Comparative study of Citizenship test for Naturalization in Islamic Republic of Iran, United States and Canada

Document Type : Original Article

Authors

1 Assistant Professor, Department of Public Law, Faculty of Law, Shahid Beheshti University, Tehran, Iran

2 Ph.D student of Public Law, Department of Public Law, Faculty of Law and Political Science, University of Tehran, Tehran, Iran

10.48300/jlr.2022.360367.2176

Abstract

Nationality has been described as a legal-political relationship between citizens and the government. This nationality is transferred more than other ways else by birth compulsorily. However, the wide range of asylum and migration across a country's geographical borders has led people of different nationalities to apply for new citizenship.

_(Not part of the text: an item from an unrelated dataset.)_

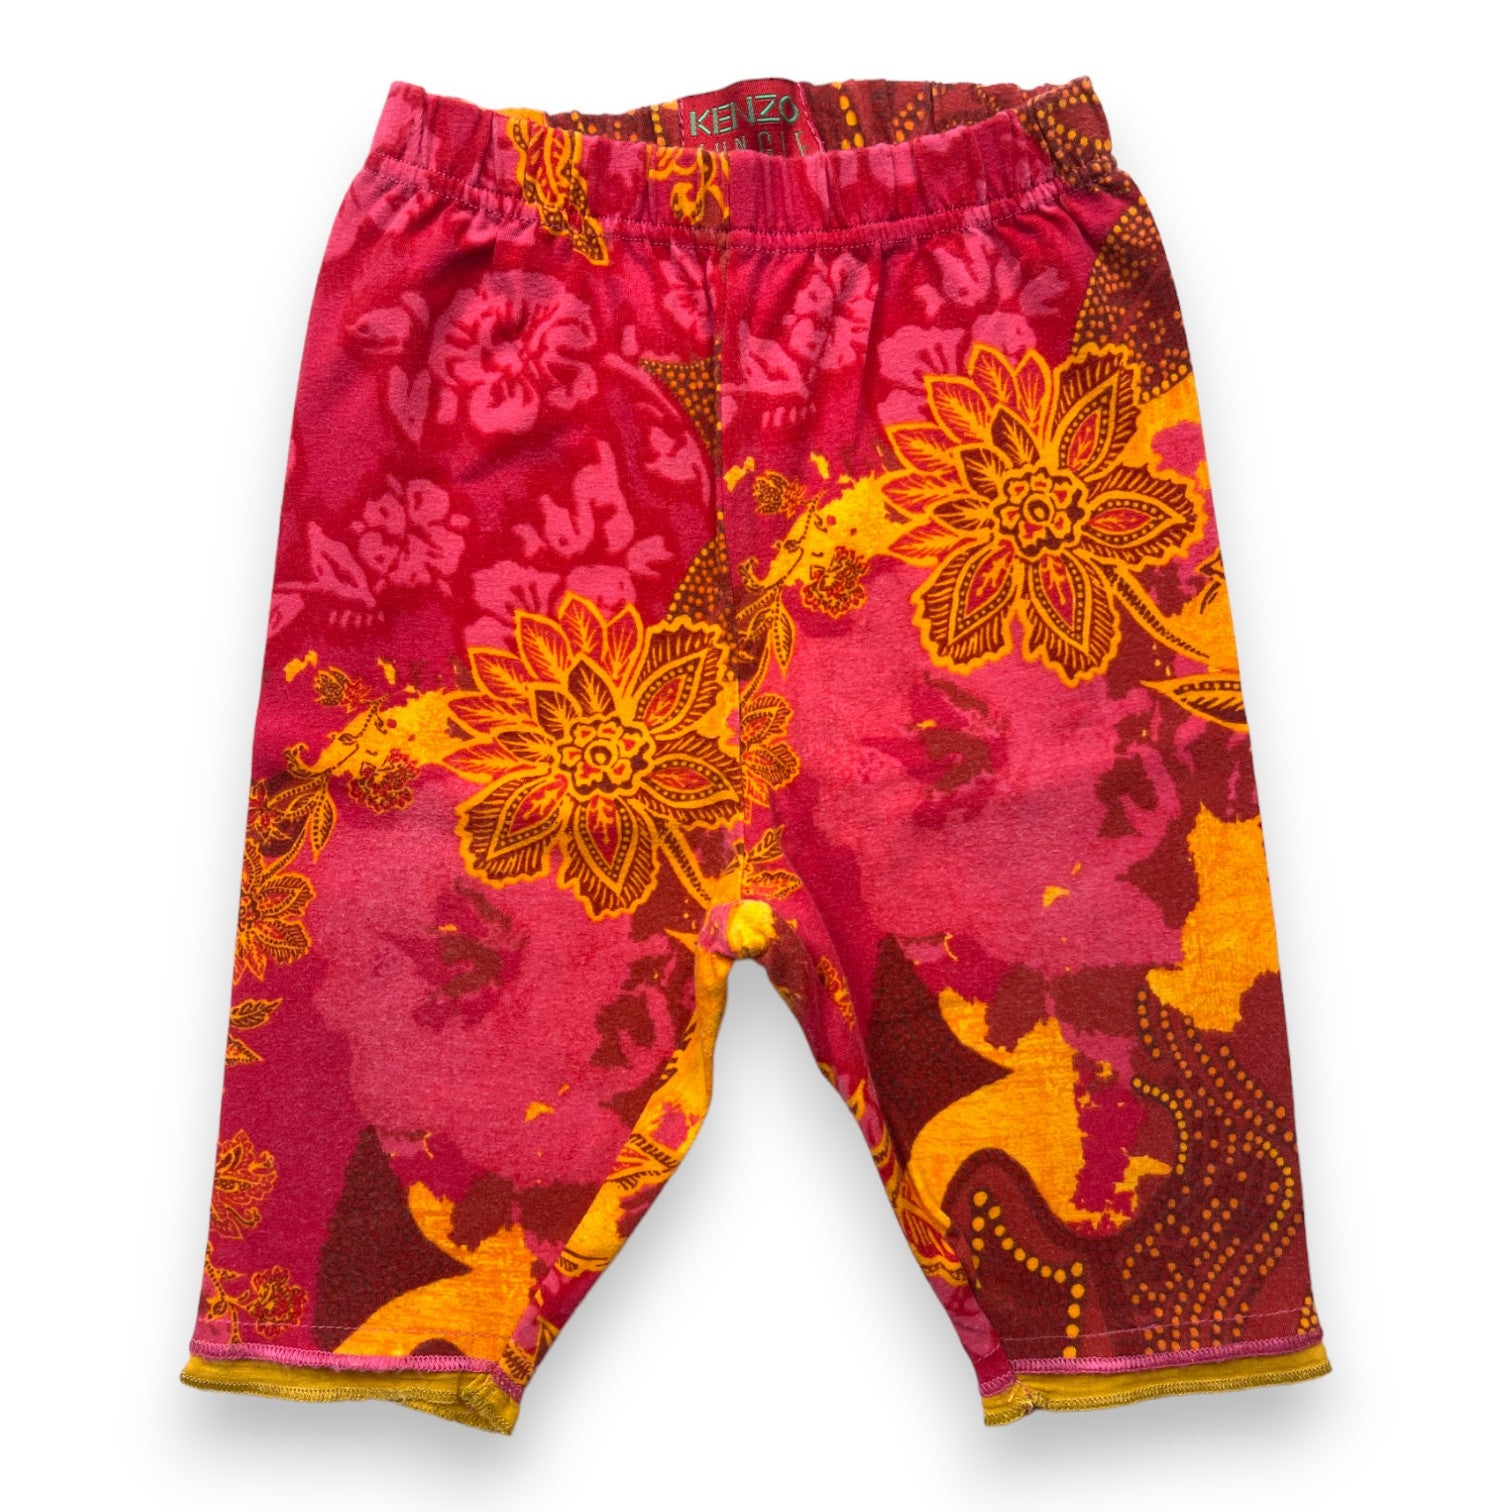 KENZO - Pantalon rouge et orange à motifs - 6 mois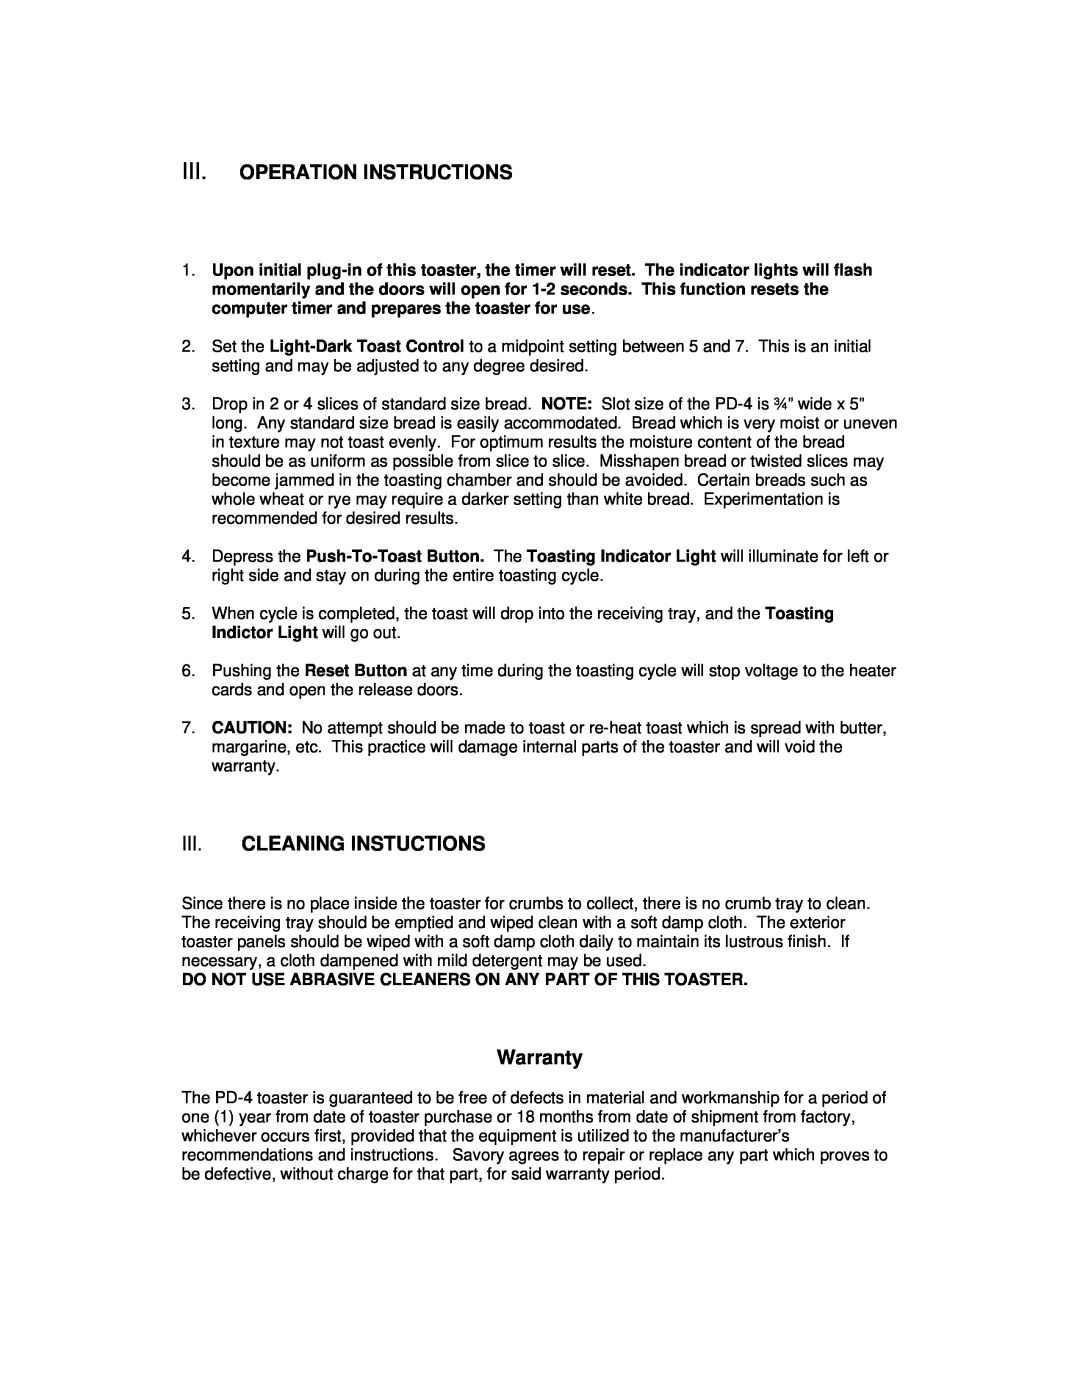 Merco Savory PD-4 instruction manual Iii.Operation Instructions, Iii.Cleaning Instuctions, Warranty

But in order to obtain new citizenship, governments, based on the related higher policies, set the minimum conditions and criteria for obtaining citizenship, and finally, in the process that is known in the world today as "Citizenship Test" or "Nationality Test", Acquisition of these conditions is examined individually.
Islamic Republic of Iran has been facing asylum and migration from neighboring countries, especially Afghanistan, Iraq and Pakistan, for nearly 50 years. The guests who are present for approximately half a century and we deal with the third generation of this group of people in society. Conditions are also defined for granting Iranian citizenship to foreign nationals residing in Iran, and finally the degree of integration and knowledge of these individuals towards Iranian society is measured in a process called "constitutional test". In this article, we have tried to analyze and evaluate the constitutional test with a critical approach, will follow by suggestions based on the results of the comparative evaluation with the citizenship test system in the United States and Canada.